The Assyrians at Assur continued to follow the ancient Mesopotamian religion in the post-imperial period, and continued to especially venerate their national deity Ashur. In many other parts of northern Mesopotamia, religious traditions quickly diverged and developed in different directions. In particular, there was from the time of Seleucid rule onwards significant influence of ancient Greek religion, with many Greek deities becoming syncretized with Mesopotamian deities. There was also some influence of Judaism, given that the kings of Adiabene converted to Judaism in the 1st century AD. Though outside Assyria proper, excavations of the Parthian-age sections of the nearby site Dura-Europos found a temple with a diverse arrangement of deities, a Christian church and a Jewish synagogue, all dating to the 3rd century AD. This religious and cultural complexity is likely to also have been reflected within Assyria, as it was now a frontier region between the Roman and Parthian empires.

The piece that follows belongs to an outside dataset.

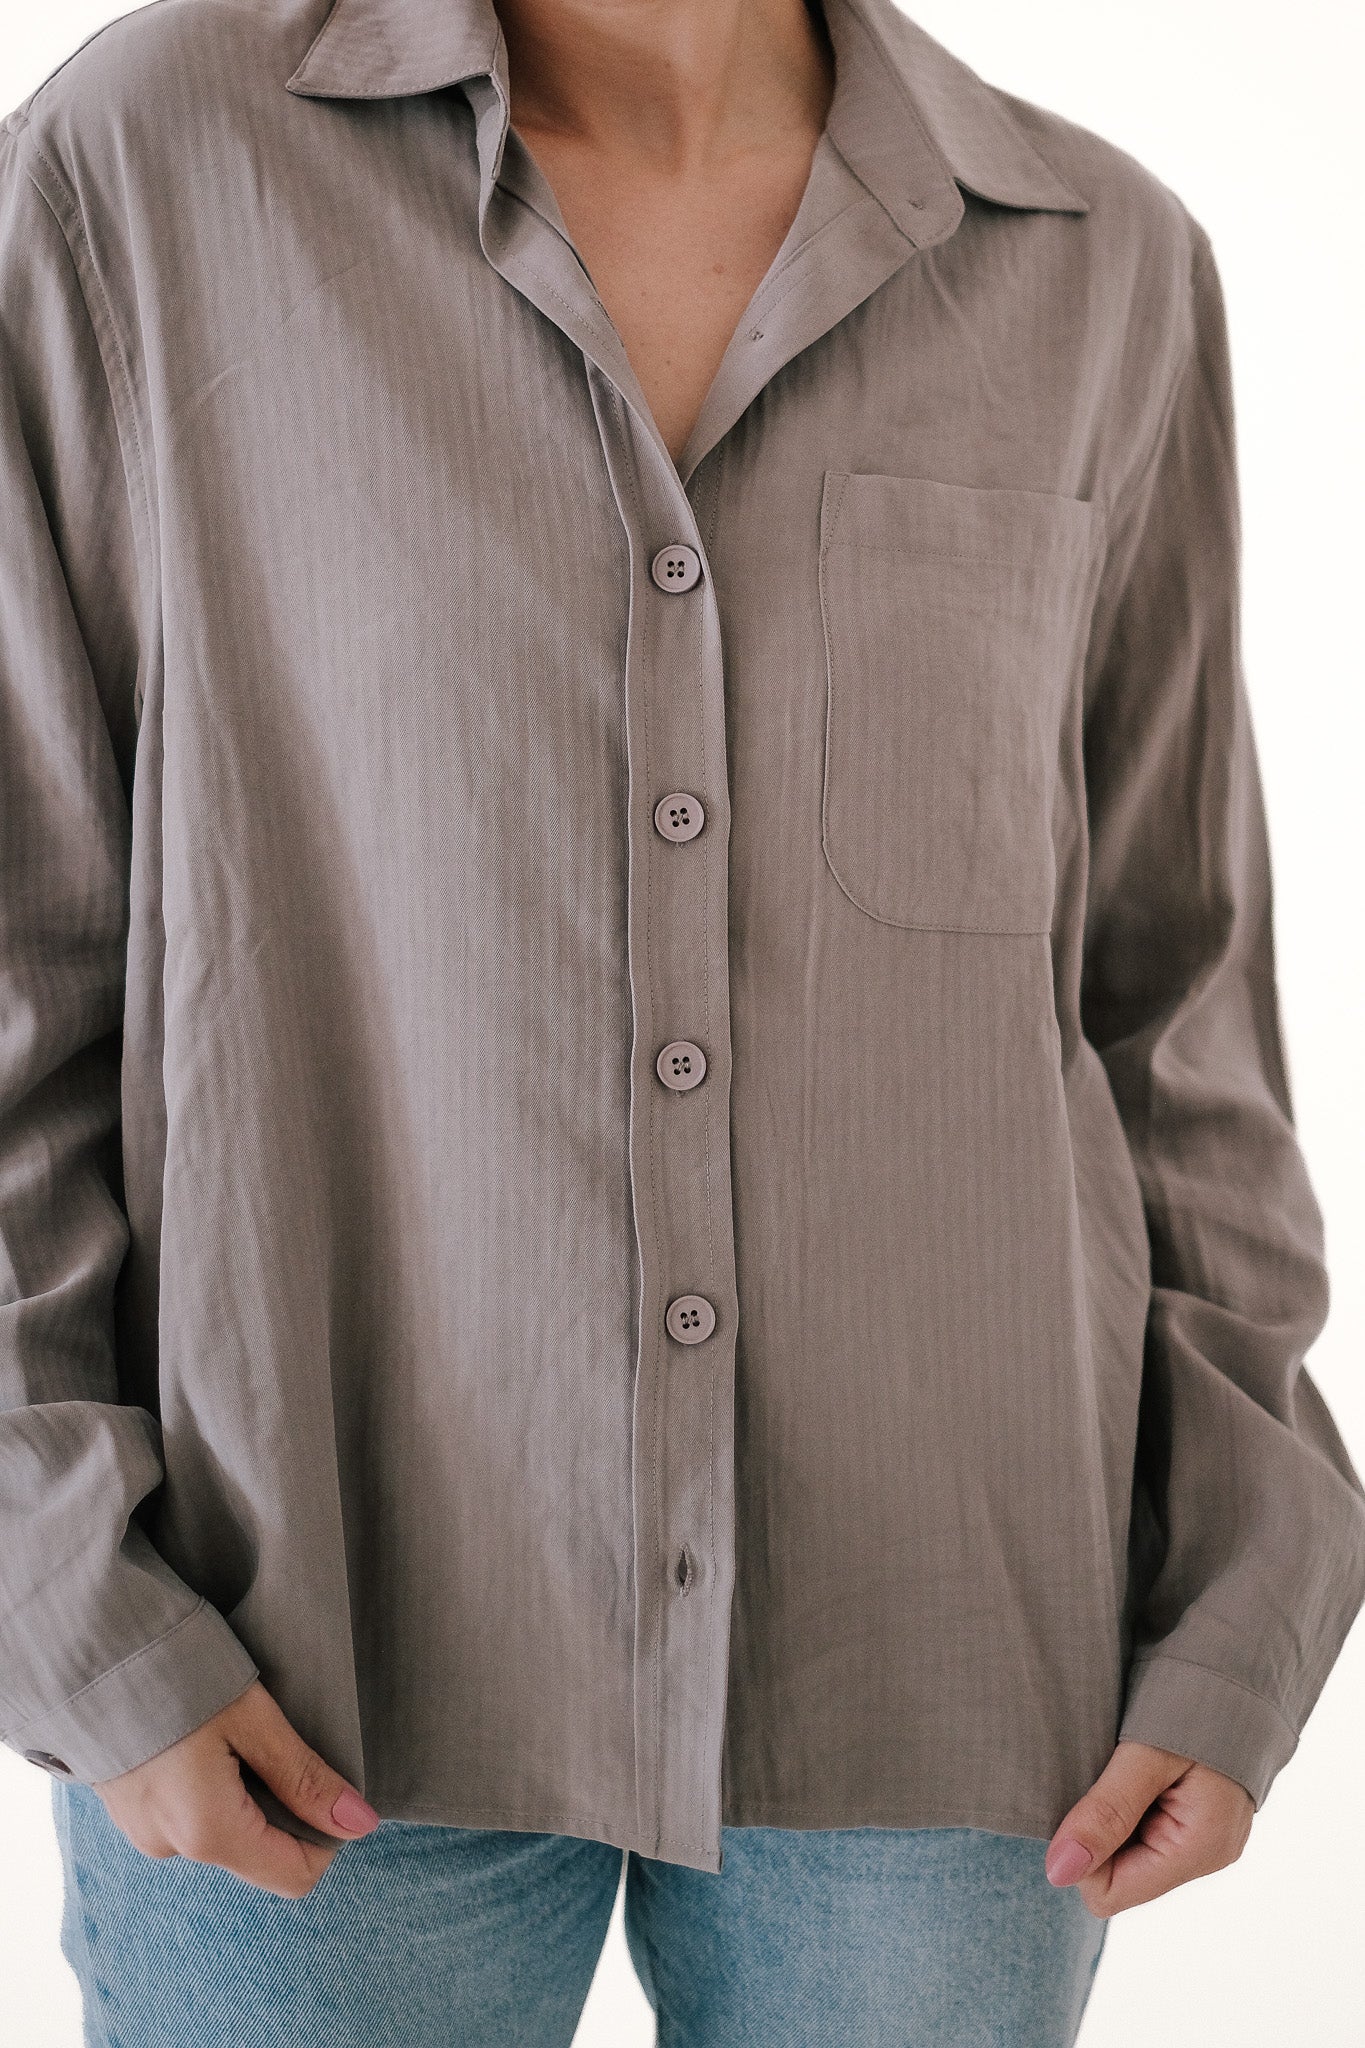 Sawyer Taupe Soft Stripe Collared Button Down Shirt (M)

At Assur, both old and new gods were worshipped. Most important was Ashur, in Parthian times known as Assor or Asor, whose worship was carried out in the same way as it had been in ancient times, per a cultic calendar effectively identical to that used under the Neo-Assyrian Empire. Because personal inscriptions at the temples in Assur frequently mention the month Nisan (the first month of the year) it is evident that the traditional Mesopotamian Akitu festival (celebrated in this month) continued to be celebrated. One of the temples built in the Parthian period included in its cult room a stele with a high relief depicting the demigod Heracles with a lion's skin over his left arm and resting his right hand on a club. Based on evidence from Hatra and Palmyra, Heracles was likely identified with the Semitic deity of fortune, Gad. It is also apparent that Heracles was identified in Mesopotamia with the god Nergal, as attested by inscriptions found elsewhere and by inscriptions from the Parthian period at Assur mentioning Nergal, but not Heracles. Graffiti and inscriptions scratched into the floor and walls of the rebuilt Parthian Ashur temple indicate that the most important deities were Ashur and his consort Serua, since they are the most frequently mentioned. Other deities that are mentioned, though less frequently, include Nabu and Nane ("the daughter of Bel"). The god Bel, otherwise mainly a Babylonian deity, was also worshipped in his own temple in the city. The inscriptions, temples, continued celebration of festivals and the wealth of theophoric elements (divine names) in personal names of the Parthian period illustrate a strong continuity of traditions, and that the most important deities of old Assyria were still worshipped at Assur more than 800 years after the Assyrian Empire had been destroyed.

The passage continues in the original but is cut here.